DESCRIPTION OF THE TASK: Repeat the data word for word and skip the pictures.

COLLECTED MATERIAL:
- Opening Delimiter -
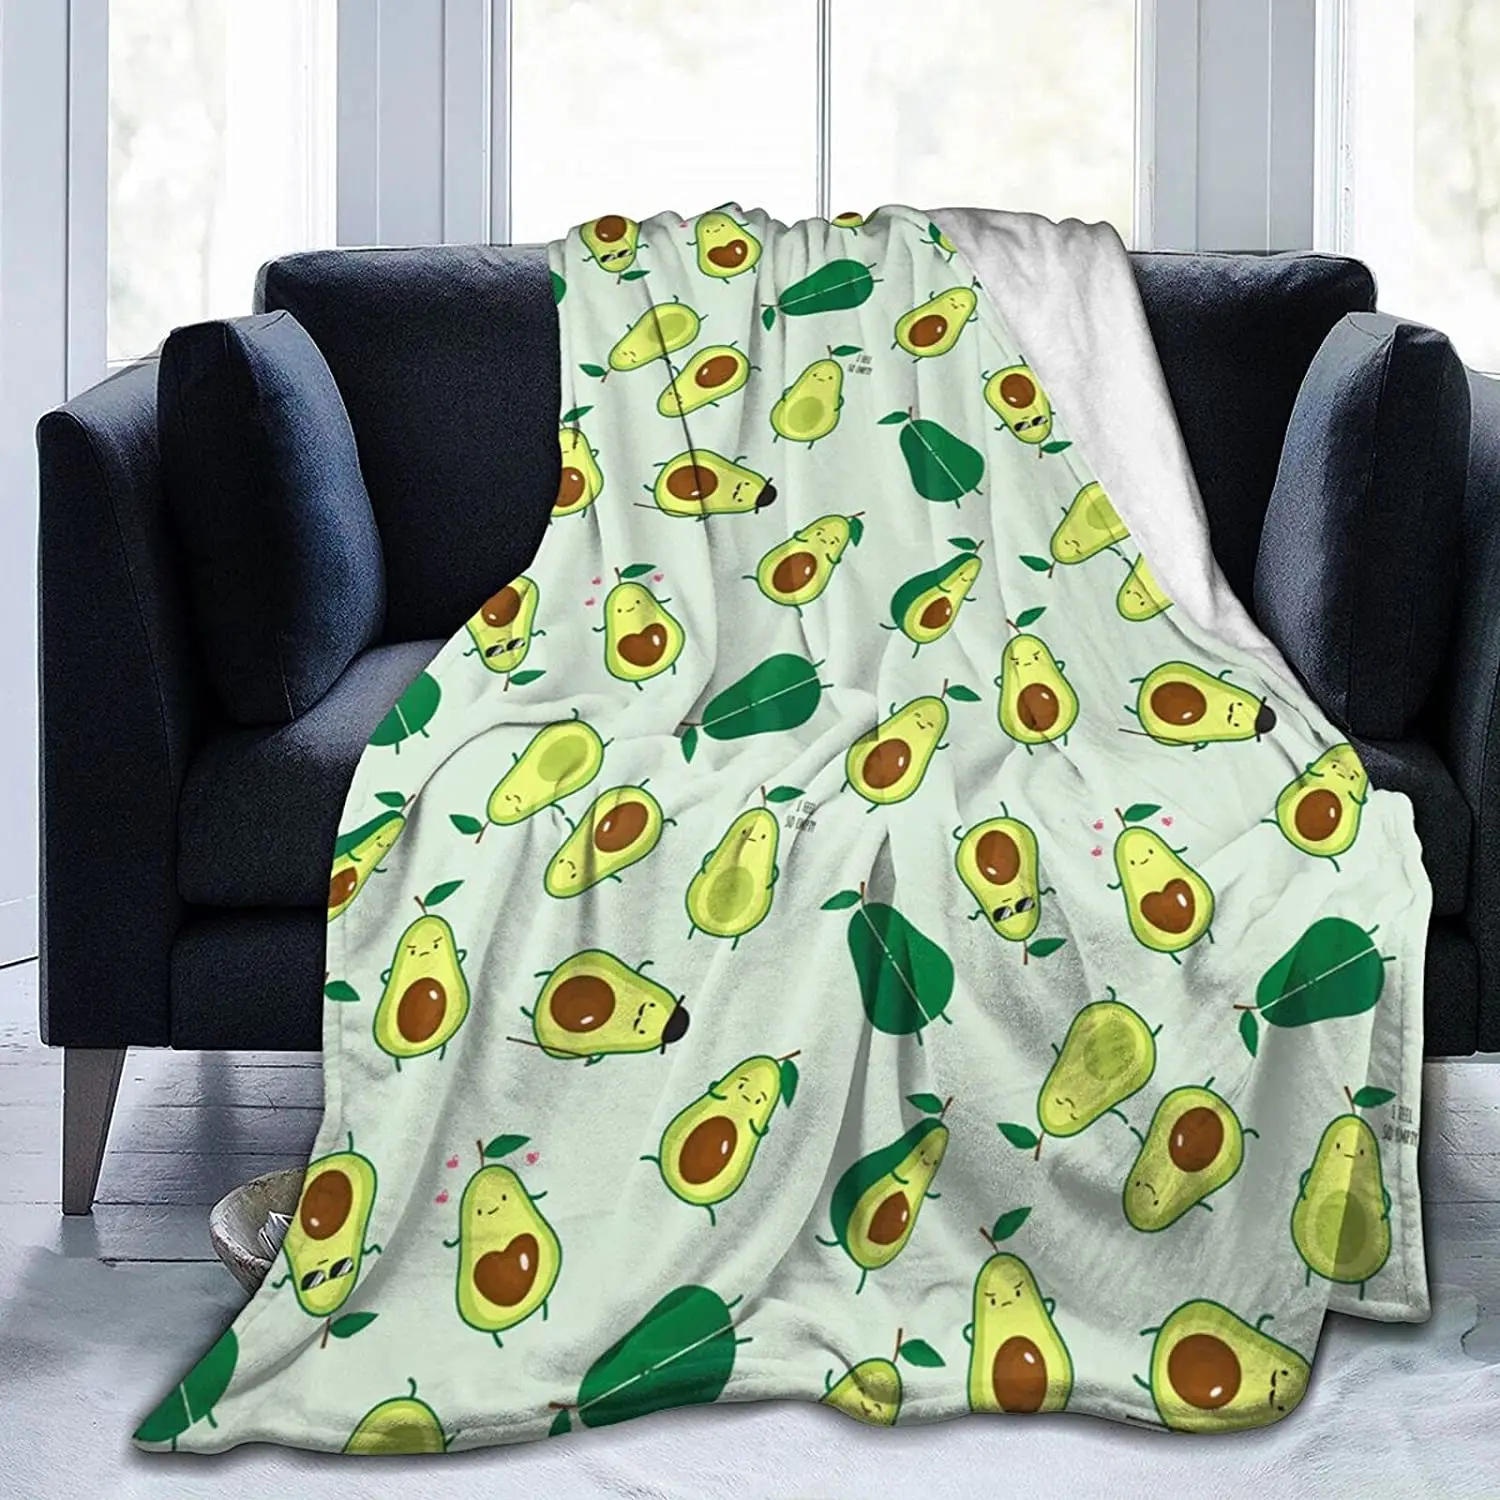 

Плед в виде авокадо, супермягкое легкое искусственное одеяло, уютное пушистое плюшевое одеяло из микрофибры для жаркого сна
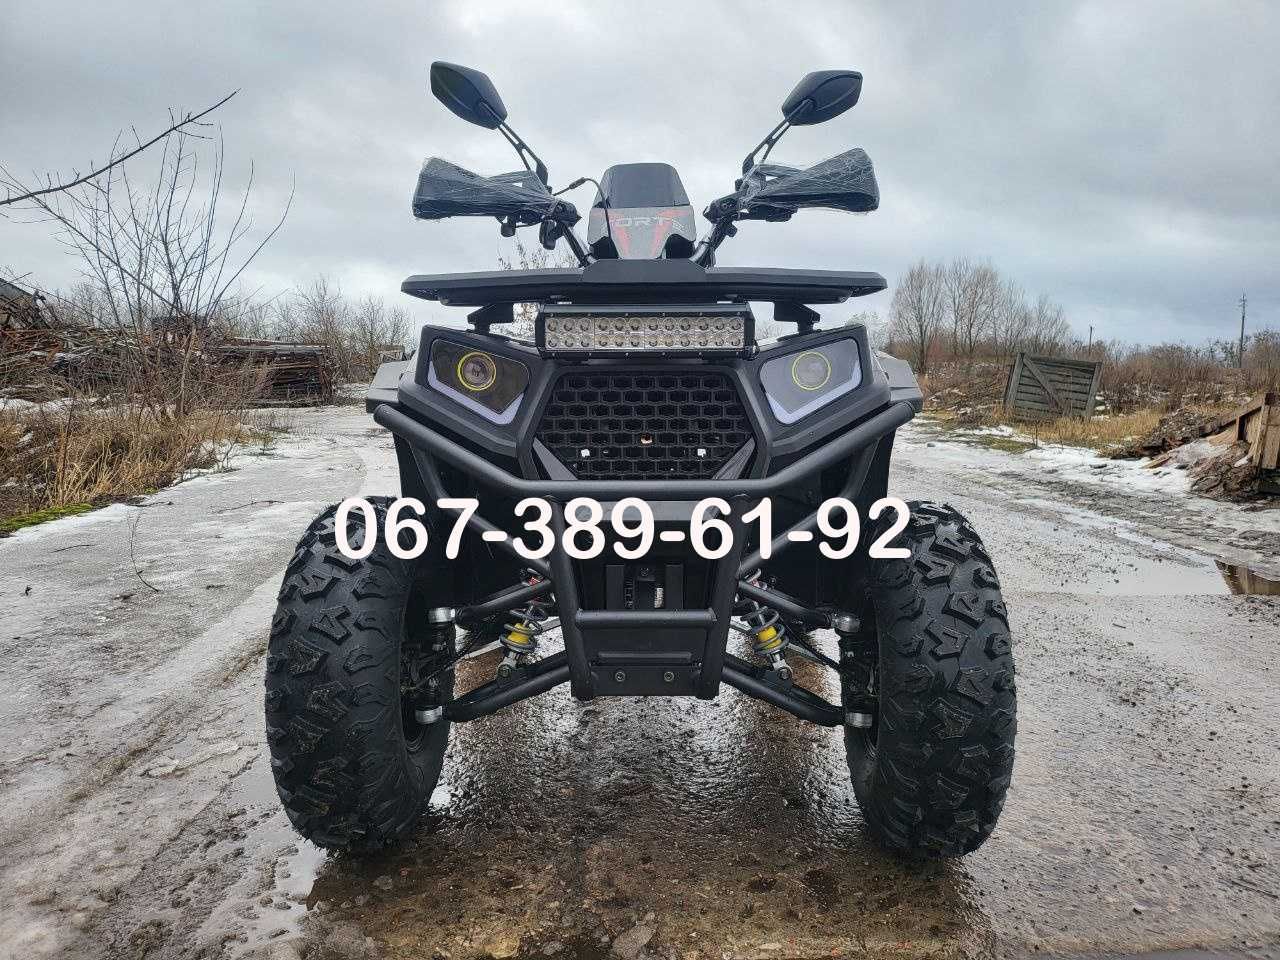 Квадроцикл Forte ATV 200 G PRO 2х4 Доставка додому Лінхай Комман Спарк
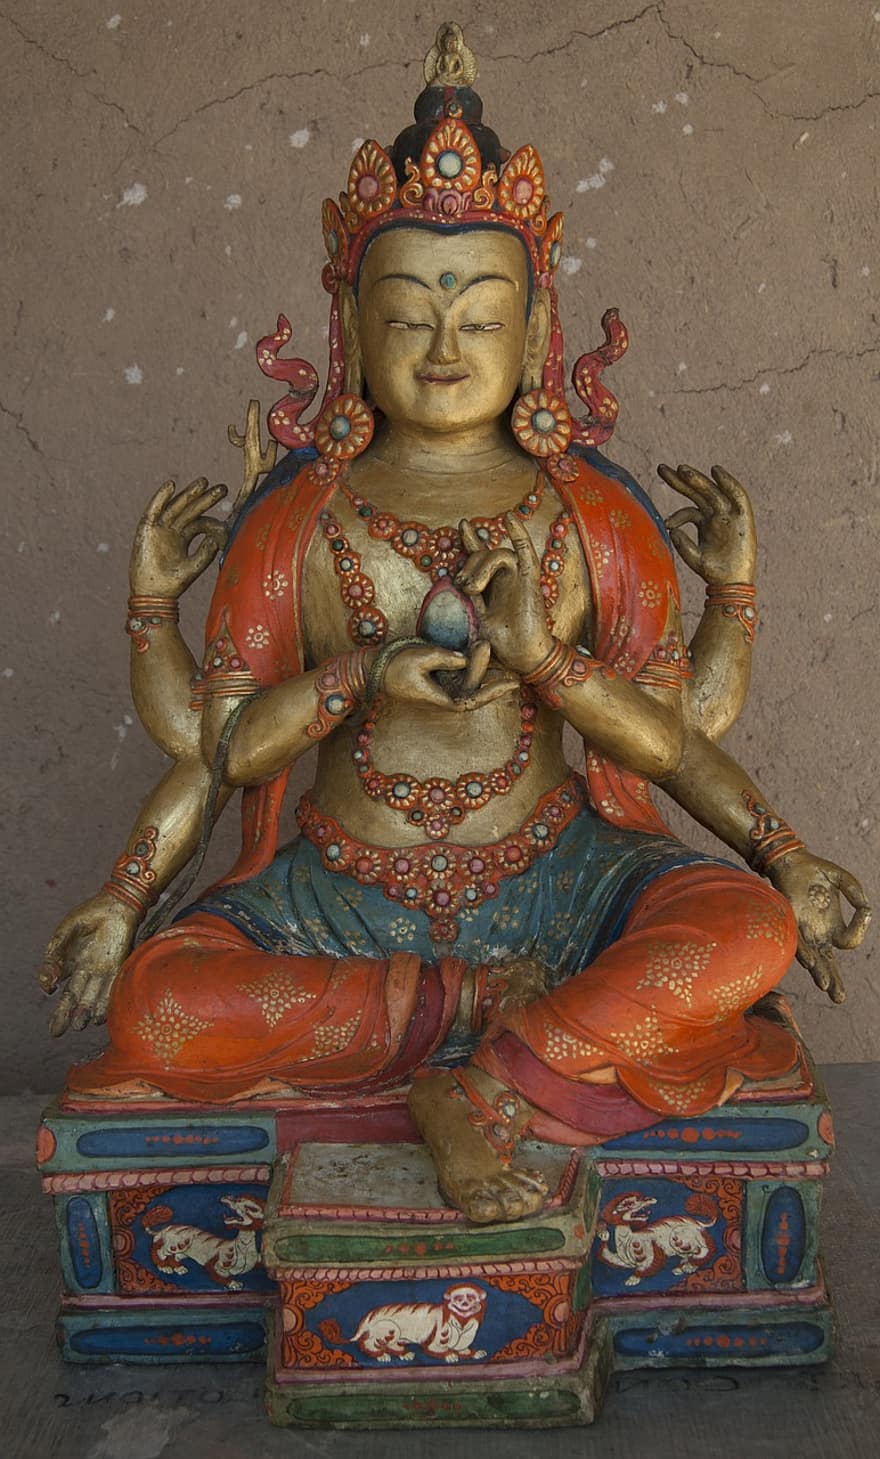 Буддійський живопис, Буддизм, буддистське мистецтво, скульптура, релігія, культур, статуя, духовність, індуїзм, боже, відоме місце
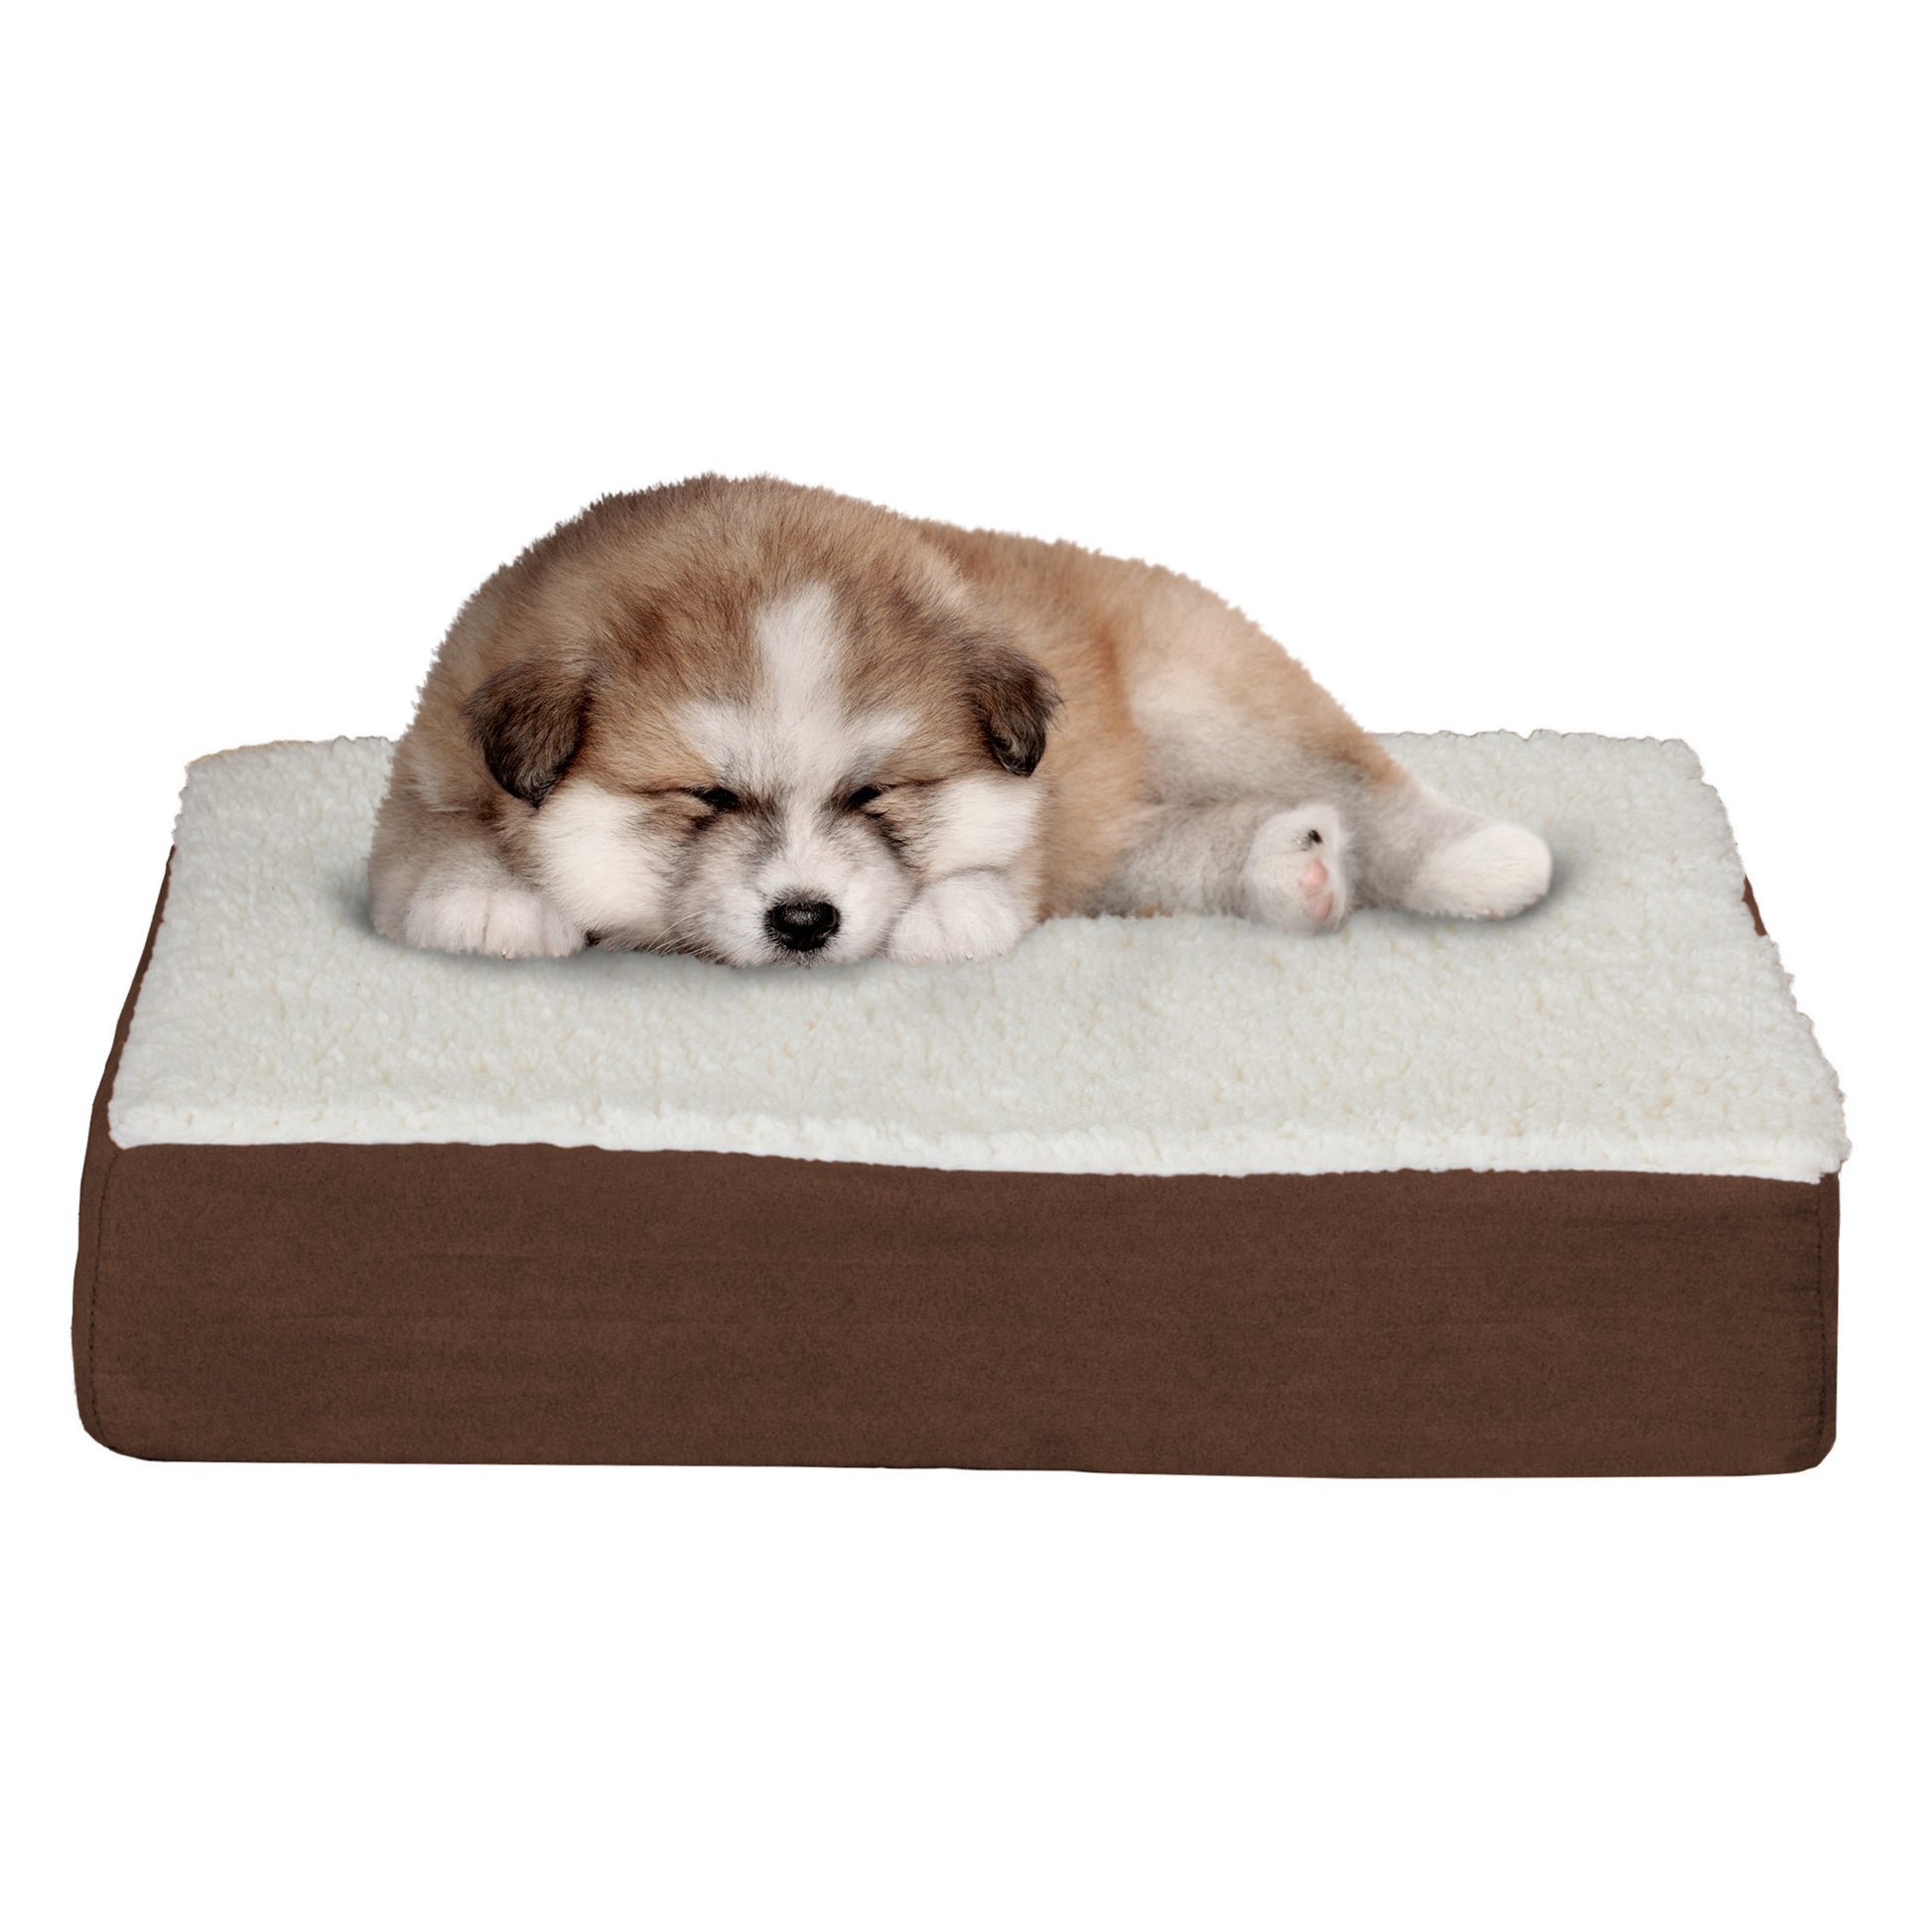 Petmaker Orthopedic Sherpa Top Pet Bed, Brown, Small
- Closing Delimiter -
REPLY TO THE EXERCISE:
Плед в виде авокадо, супермягкое легкое искусственное одеяло, уютное пушистое плюшевое одеяло из микрофибры для жаркого сна
 Квадроцикл Forte ATV 200 G PRO 2х4 Доставка додому Лінхай Комман Спарк
 Буддійський живопис, Буддизм, буддистське мистецтво, скульптура, релігія, культур, статуя, духовність, індуїзм, боже, відоме місце
 Petmaker Orthopedic Sherpa Top Pet Bed, Brown, Small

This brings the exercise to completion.